# Exercise requirements:
Each line below from the one containing "- 100% Authentic JEAN PAUL GAULTIER." through the one containing "British army Warrior" should be output exactly as it stands, and no other line should appear.

(Items from a dataset)
↓↓↓
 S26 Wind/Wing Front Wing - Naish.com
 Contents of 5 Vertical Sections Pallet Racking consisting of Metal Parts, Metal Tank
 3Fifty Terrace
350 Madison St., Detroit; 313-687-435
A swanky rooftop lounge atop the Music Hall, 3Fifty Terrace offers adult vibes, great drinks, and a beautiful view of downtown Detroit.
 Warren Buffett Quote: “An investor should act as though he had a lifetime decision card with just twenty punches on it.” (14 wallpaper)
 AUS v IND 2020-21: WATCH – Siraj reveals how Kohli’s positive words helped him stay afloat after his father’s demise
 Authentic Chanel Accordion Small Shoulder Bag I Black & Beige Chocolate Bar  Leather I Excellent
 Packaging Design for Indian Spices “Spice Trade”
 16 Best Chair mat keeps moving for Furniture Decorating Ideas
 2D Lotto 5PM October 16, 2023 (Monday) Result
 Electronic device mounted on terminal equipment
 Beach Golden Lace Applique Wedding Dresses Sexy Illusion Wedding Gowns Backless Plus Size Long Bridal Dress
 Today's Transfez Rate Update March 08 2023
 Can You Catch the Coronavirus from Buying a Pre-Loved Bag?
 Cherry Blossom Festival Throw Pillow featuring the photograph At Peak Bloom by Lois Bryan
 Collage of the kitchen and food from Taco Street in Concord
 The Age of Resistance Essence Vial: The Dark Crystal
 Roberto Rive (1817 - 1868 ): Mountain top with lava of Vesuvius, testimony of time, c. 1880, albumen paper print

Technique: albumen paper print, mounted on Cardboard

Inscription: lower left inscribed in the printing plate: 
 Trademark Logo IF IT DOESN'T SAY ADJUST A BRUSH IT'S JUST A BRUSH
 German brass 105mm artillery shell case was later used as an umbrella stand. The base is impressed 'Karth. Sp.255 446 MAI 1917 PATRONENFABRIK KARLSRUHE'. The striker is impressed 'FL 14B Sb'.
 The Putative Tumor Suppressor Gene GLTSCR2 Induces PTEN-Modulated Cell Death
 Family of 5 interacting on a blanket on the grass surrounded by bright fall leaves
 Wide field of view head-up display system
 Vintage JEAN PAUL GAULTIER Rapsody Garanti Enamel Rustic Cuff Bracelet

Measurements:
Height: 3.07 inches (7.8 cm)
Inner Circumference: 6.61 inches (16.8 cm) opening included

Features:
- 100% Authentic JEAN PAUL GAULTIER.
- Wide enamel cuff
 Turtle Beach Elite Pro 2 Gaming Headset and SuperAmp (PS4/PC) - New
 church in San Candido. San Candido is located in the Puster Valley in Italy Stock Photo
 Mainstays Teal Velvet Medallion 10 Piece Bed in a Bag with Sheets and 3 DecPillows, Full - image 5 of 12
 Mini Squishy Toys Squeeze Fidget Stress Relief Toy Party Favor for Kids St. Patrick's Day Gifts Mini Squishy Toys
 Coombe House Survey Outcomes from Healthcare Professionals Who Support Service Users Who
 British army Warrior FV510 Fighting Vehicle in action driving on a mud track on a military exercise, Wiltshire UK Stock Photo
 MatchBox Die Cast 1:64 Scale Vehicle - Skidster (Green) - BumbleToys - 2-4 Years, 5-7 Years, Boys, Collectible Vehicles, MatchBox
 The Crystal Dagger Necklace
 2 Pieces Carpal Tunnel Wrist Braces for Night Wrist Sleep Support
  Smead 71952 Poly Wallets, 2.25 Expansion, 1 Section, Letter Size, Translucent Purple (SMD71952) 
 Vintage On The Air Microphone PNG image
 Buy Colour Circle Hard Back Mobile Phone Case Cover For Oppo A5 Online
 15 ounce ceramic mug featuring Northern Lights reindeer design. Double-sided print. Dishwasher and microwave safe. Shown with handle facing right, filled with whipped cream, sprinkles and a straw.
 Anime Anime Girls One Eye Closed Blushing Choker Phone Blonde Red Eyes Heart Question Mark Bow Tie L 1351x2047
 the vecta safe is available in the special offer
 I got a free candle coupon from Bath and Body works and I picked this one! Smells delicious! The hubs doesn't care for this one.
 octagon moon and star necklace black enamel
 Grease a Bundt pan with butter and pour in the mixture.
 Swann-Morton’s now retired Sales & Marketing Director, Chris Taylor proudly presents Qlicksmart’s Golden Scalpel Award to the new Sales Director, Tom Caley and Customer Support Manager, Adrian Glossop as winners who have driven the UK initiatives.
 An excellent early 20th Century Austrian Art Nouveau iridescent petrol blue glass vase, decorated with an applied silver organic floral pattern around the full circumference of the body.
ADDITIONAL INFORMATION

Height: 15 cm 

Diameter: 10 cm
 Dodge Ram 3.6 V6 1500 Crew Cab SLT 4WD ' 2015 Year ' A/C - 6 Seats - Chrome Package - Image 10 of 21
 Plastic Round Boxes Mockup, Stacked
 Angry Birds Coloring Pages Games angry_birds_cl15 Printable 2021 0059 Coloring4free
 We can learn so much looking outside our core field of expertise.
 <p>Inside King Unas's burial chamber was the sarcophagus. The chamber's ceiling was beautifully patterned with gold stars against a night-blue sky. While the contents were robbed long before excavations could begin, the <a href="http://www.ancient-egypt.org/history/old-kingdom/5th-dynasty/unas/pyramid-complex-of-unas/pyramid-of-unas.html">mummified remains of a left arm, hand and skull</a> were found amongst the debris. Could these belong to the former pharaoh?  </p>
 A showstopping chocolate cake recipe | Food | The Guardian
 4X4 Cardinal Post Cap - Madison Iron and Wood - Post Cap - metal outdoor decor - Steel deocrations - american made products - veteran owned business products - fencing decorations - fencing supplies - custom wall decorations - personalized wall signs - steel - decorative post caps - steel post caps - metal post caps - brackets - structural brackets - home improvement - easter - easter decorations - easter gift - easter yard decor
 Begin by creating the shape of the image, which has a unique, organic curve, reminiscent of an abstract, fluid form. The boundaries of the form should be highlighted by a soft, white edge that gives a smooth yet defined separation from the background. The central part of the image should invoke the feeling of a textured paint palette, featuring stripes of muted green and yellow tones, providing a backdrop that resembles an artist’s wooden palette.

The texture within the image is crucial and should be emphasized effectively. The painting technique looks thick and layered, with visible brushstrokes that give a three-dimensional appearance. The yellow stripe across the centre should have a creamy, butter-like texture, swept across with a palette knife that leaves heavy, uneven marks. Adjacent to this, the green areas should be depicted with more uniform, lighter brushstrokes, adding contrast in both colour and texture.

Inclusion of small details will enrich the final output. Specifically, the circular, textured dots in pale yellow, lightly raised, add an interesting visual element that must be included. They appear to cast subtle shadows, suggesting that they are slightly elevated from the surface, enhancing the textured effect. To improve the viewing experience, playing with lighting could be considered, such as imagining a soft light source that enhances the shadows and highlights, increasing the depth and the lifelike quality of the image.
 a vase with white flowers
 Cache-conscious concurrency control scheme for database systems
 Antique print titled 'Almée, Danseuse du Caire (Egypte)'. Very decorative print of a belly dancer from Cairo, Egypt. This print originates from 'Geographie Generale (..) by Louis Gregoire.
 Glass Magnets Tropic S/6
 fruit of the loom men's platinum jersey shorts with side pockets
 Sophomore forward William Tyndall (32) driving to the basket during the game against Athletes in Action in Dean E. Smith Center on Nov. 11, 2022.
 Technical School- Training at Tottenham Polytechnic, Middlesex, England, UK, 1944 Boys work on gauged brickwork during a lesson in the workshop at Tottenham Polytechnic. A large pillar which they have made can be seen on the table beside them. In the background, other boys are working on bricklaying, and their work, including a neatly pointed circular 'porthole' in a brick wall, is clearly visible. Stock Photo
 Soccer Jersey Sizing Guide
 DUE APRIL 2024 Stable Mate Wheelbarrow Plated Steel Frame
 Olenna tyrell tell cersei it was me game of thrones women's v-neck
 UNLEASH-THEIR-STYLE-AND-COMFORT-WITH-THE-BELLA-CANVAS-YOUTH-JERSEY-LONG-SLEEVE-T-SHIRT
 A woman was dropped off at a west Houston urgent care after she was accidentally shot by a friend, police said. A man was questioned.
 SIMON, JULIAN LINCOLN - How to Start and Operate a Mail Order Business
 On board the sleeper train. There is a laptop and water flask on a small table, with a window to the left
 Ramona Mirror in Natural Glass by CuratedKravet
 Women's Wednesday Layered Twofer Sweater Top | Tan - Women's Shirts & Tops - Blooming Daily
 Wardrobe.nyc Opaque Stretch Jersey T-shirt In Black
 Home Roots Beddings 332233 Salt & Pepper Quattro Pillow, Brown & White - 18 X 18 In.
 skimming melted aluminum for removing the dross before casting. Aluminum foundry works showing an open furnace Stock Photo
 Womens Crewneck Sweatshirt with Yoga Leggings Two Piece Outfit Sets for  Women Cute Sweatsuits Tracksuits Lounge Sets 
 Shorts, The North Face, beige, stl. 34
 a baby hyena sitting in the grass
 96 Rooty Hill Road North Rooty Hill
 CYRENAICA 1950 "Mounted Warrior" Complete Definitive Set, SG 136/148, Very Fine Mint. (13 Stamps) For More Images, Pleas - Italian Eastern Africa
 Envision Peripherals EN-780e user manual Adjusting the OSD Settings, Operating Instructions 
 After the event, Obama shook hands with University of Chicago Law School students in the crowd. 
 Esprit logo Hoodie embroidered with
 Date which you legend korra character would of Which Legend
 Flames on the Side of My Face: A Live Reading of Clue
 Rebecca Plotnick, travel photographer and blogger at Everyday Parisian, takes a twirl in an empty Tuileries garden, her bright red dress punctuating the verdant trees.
↑↑↑
# Result for this exercise:
- 100% Authentic JEAN PAUL GAULTIER.
- Wide enamel cuff
 Turtle Beach Elite Pro 2 Gaming Headset and SuperAmp (PS4/PC) - New
 church in San Candido. San Candido is located in the Puster Valley in Italy Stock Photo
 Mainstays Teal Velvet Medallion 10 Piece Bed in a Bag with Sheets and 3 DecPillows, Full - image 5 of 12
 Mini Squishy Toys Squeeze Fidget Stress Relief Toy Party Favor for Kids St. Patrick's Day Gifts Mini Squishy Toys
 Coombe House Survey Outcomes from Healthcare Professionals Who Support Service Users Who
 British army Warrior FV510 Fighting Vehicle in action driving on a mud track on a military exercise, Wiltshire UK Stock Photo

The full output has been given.